Let's look at the first ten perfect squares:
0*0 = 0
1*1 = 1
2*2 = 4
3*3 = 9
4*4 = 16
5*5 = 25
6*6 = 36
7*7 = 49
8*8 = 64
9*9 = 81
The ones digits of these are: 0, 1, 4, 5, 6, 9. Since the ones digits of any number must be one of these first ten numbers, 0 through 9, and since the ones digits of the numbers in a multiplication solely determine the ones digit of the product, the ones digit of the square of any whole number must be 0, 1, 4, 5, 6 or 9.

Before we continue, I'll list the perfect squares that we might use (in addition to the above:
10*10 = 100
11*11 = 121
12*12 = 144
13*13 = 169
14*14 = 196
15*15 = 225
16*16 = 256
17*17 = 289
18*18 = 324
19*19 = 361
20*20 = 400
21*21 = 441
22*22 = 484
23*23 = 529
24*24 = 576
25*25 = 625
26*26 = 676
27*27 = 729
28*28 = 784
29*29 = 841

Since we want the ones digit of the sum to be a 5 we are looking for pairs of numbers from 0, 1, 4, 5, 6 or 9 that add up to a number that ends in 5. After some thought we should find that our perfect squares must end in one of the following pairs:
0 and 5. This tells us that the first number squared ends in 0 and the second number being squared ends in 5. The first perfect square could be 0*0, 10*10 or 20*20. The second perfect square could be 5*5, 15*15 or 25*25.
1 and 4. This tells us that the first number being squared ends in 1 or 9 and that the second number being squared ends in 2 or 8. So the first perfect square could be 1*1, 9*9, 11*11, 19*19, 21*21 or 29*29. The second number squared, since it ends in 4 could be 2*2, 8*8, 12*12, 18*18, 22*22 or 28*28.
6 and 9. So one number being squared must end in 4 or 6 and the second number being squared must end in 3 or 7. SO the first perfect square could be 4*4, 6*6, 14*14, 16*16, 24*24 or 26*26. The second perfect square could be 3*3, 7*7, 13*13, 17*17, 23*23 or 27*27.

This may seem like a lot of trial and error.
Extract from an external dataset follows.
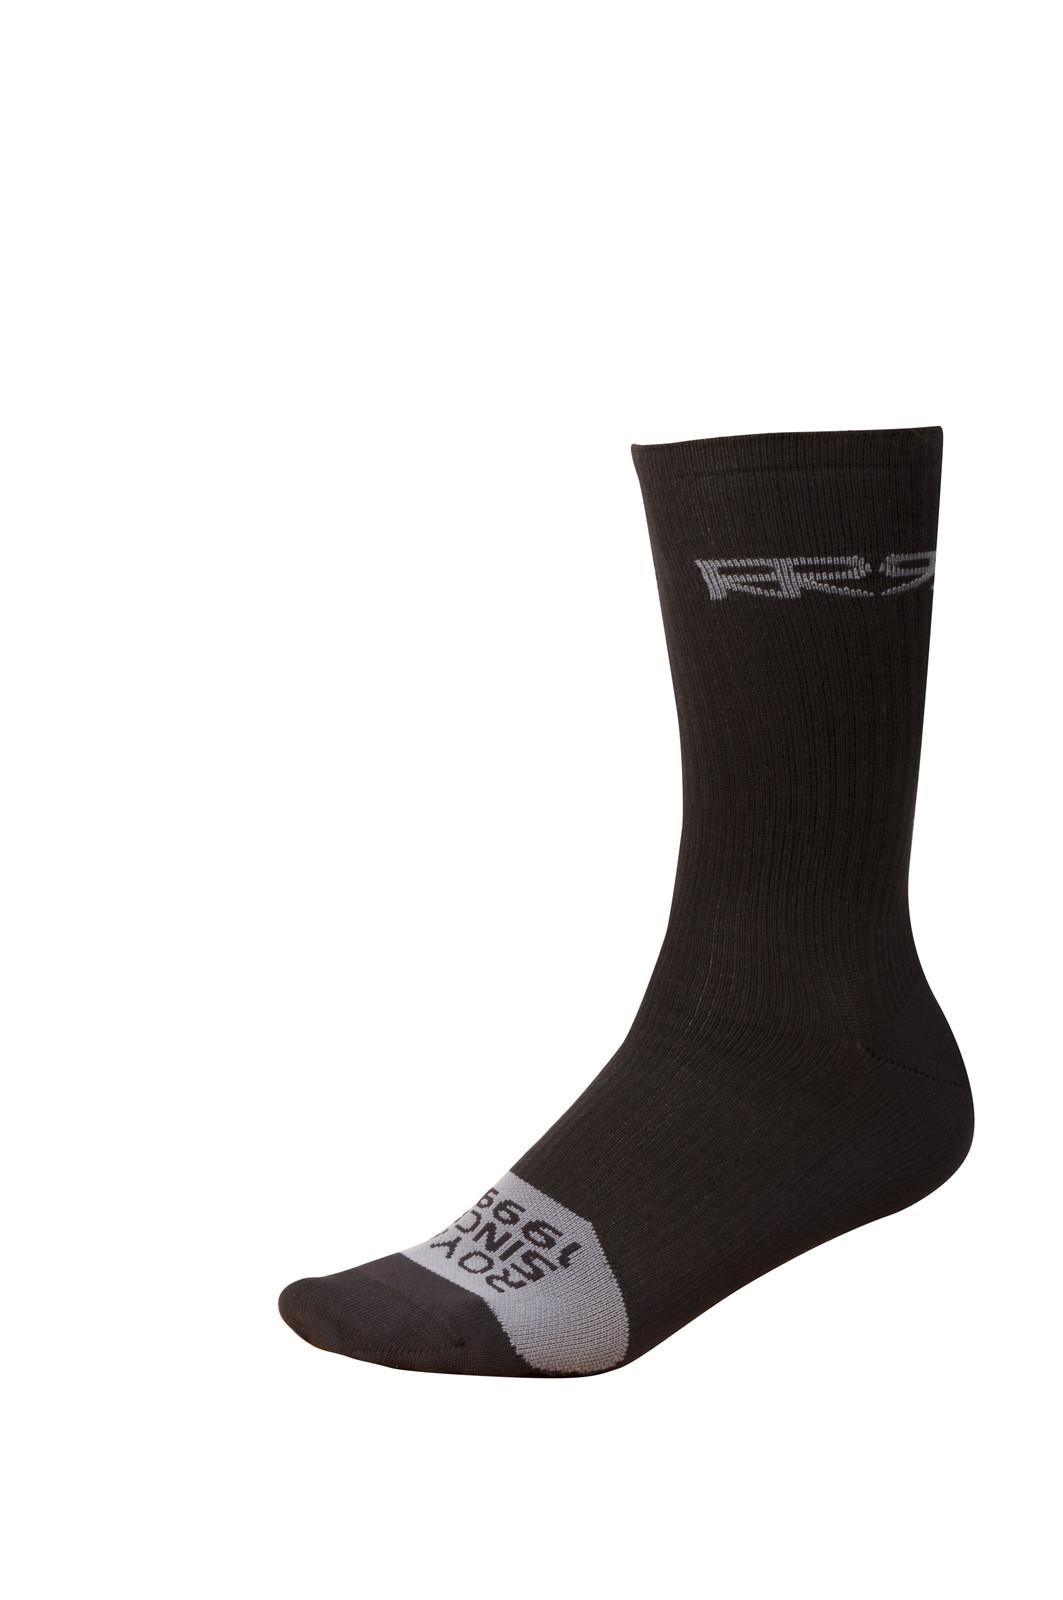 Royal_Racing_Crew_Sock_2017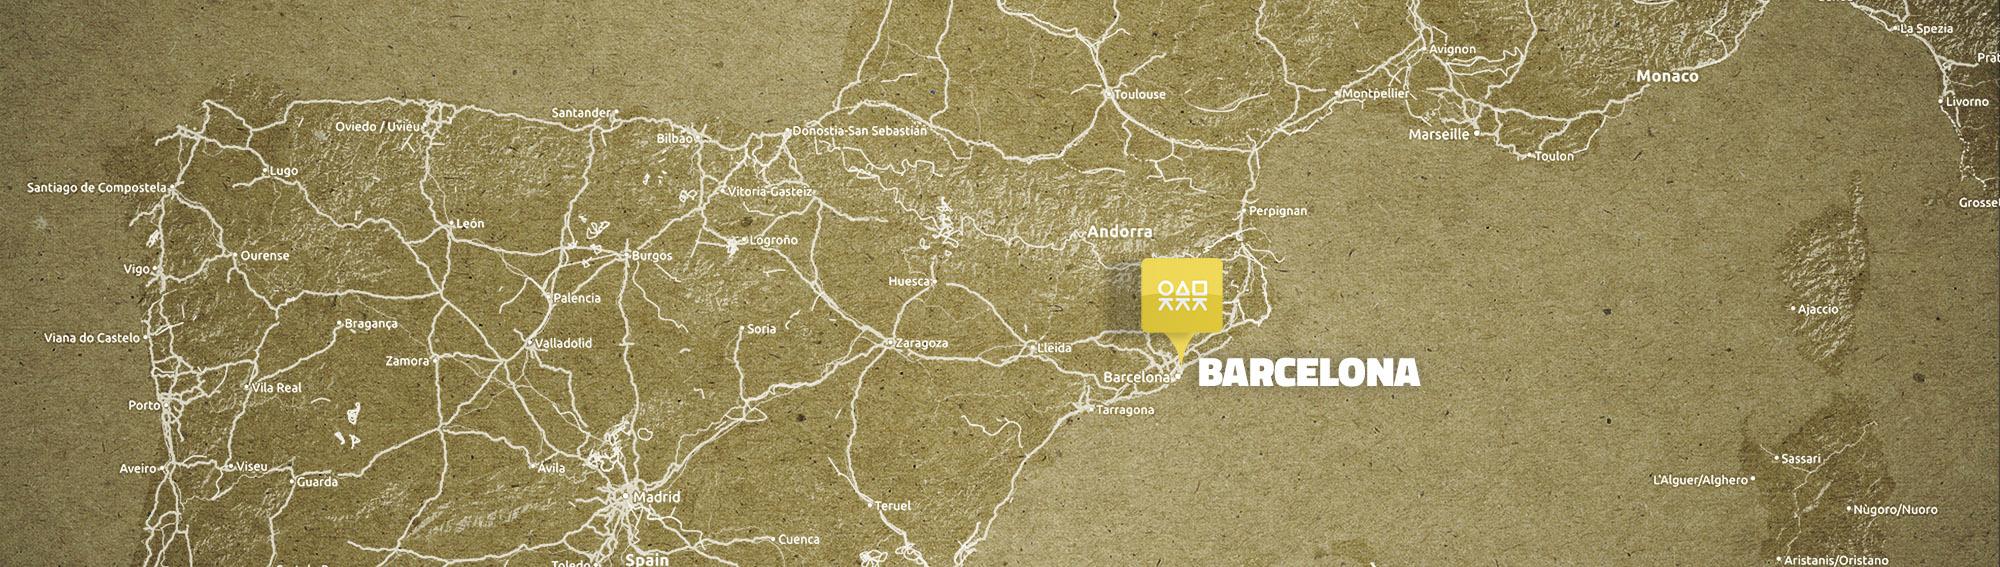 carte_barcelona

But without this logic regarding the ones digits, we would have to try every possible combination of 2 of these 30 possible perfect squares (which is 30*30 = 900 possible combinations). With the logic above we have reduced the possible combinations down to 81.

To be honest, I have not tried all 81 possible combinations. I stopped as soon as I found one that worked. From the middle group above, I found that 29*29 + 2*2 = 841 + 4 = 845. There may be others. too.